Layer 1: The Data Foundation. Austin fed Claude comprehensive context about Anthropic's brand — tone of voice guidelines, product messaging, existing high-performing ad copy, campaign performance data. This isn't a paragraph of instructions. It's a structured knowledge base that every other component references.

Layer 2: Specialized Agent Skills. Each marketing function gets its own skill definition. One skill handles brand voice compliance. Another handles Google Ads RSA best practices (character limits, headline diversity rules, description formatting). Another handles product accuracy — making sure Claude never hallucinates features or misrepresents capabilities. These skills act as guardrails and knowledge modules simultaneously.

Layer 3: The Orchestrator. The /rsa slash command isn't doing the work itself. It's routing inputs to the right skills, assembling outputs from multiple specialized processes, and formatting everything into upload-ready deliverables. It's a conductor, not a soloist.

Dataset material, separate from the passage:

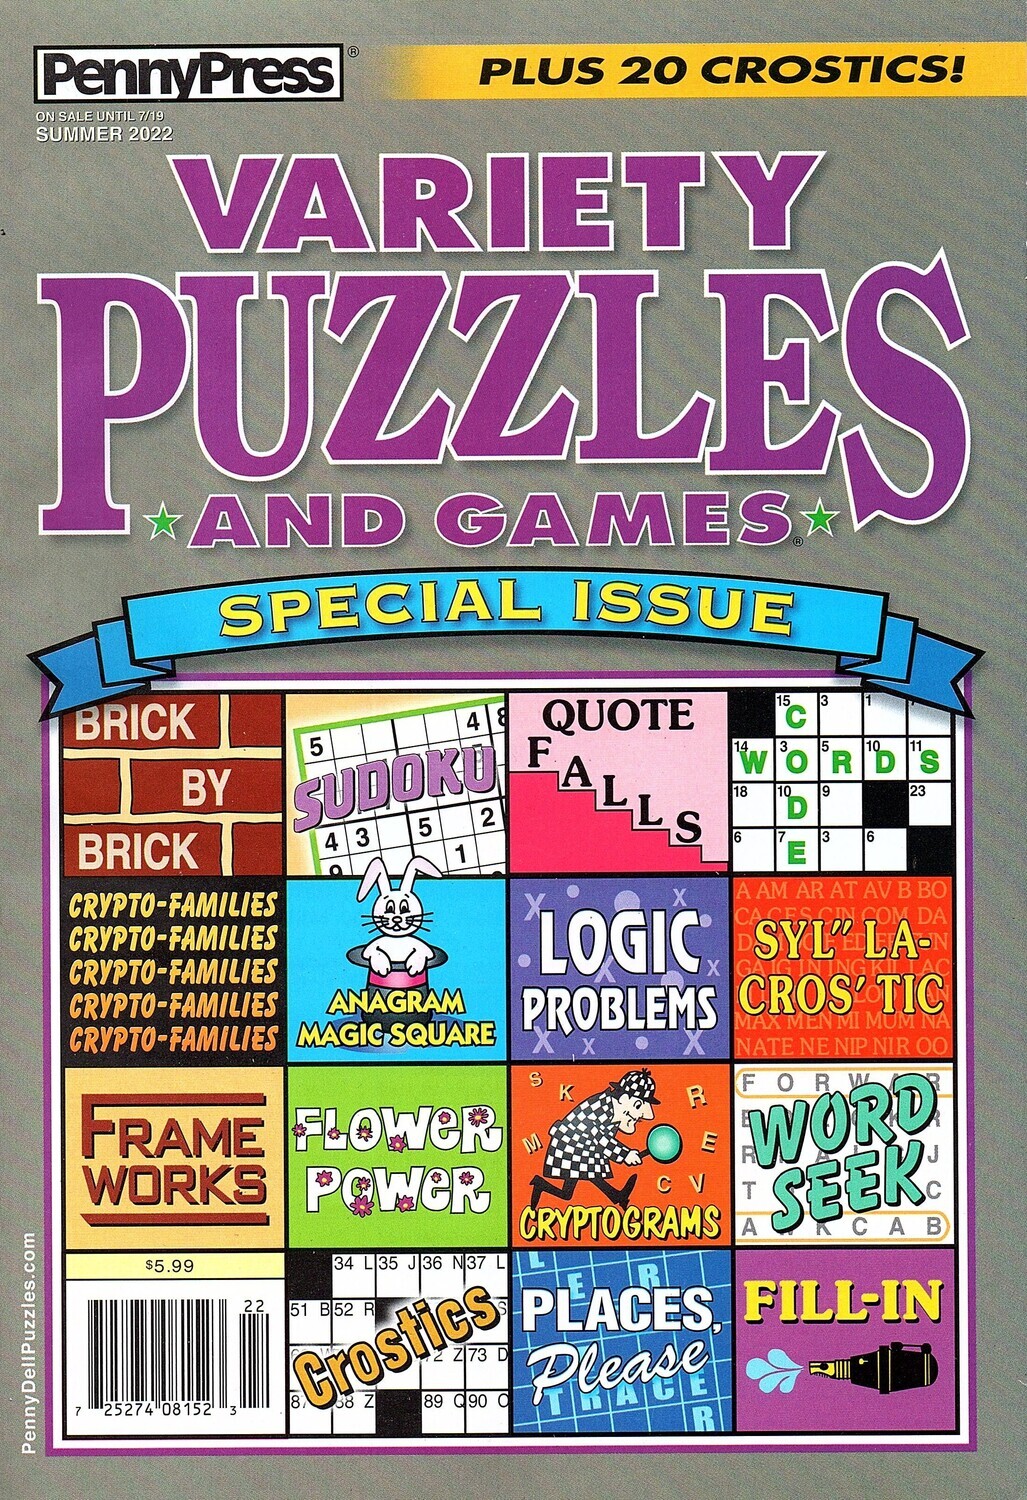 Variety Puzzles and Games Special Issue Summer 2022

The result? A workflow that exports fifteen headlines and four descriptions per ad group into a CSV file ready for direct upload to Google Ads — after human review, which Austin emphasizes is non-negotiable. He also built a Figma plugin that generates up to 100 ad creative variations with a single click by identifying frames within templates and swapping headlines and descriptions programmatically.

What struck me wasn't the efficiency gain — though cutting thirty minutes to thirty seconds is a 98% reduction that compounds fast across hundreds of ad groups. What struck me was the architecture pattern. Specialized sub-agents coordinated by an orchestrator, triggered by a single command, producing multi-format output. That pattern isn't specific to Google Ads. It's a general-purpose content production system.

And I wanted one for myself.

Why I Decided to Rebuild This for Personal Brand Content

I've been building AI marketing systems in Claude Code for a while now. My five-agent setup handles research, social content, email, design direction, and data analysis. It works. But watching Austin's approach exposed a gap in my own workflow.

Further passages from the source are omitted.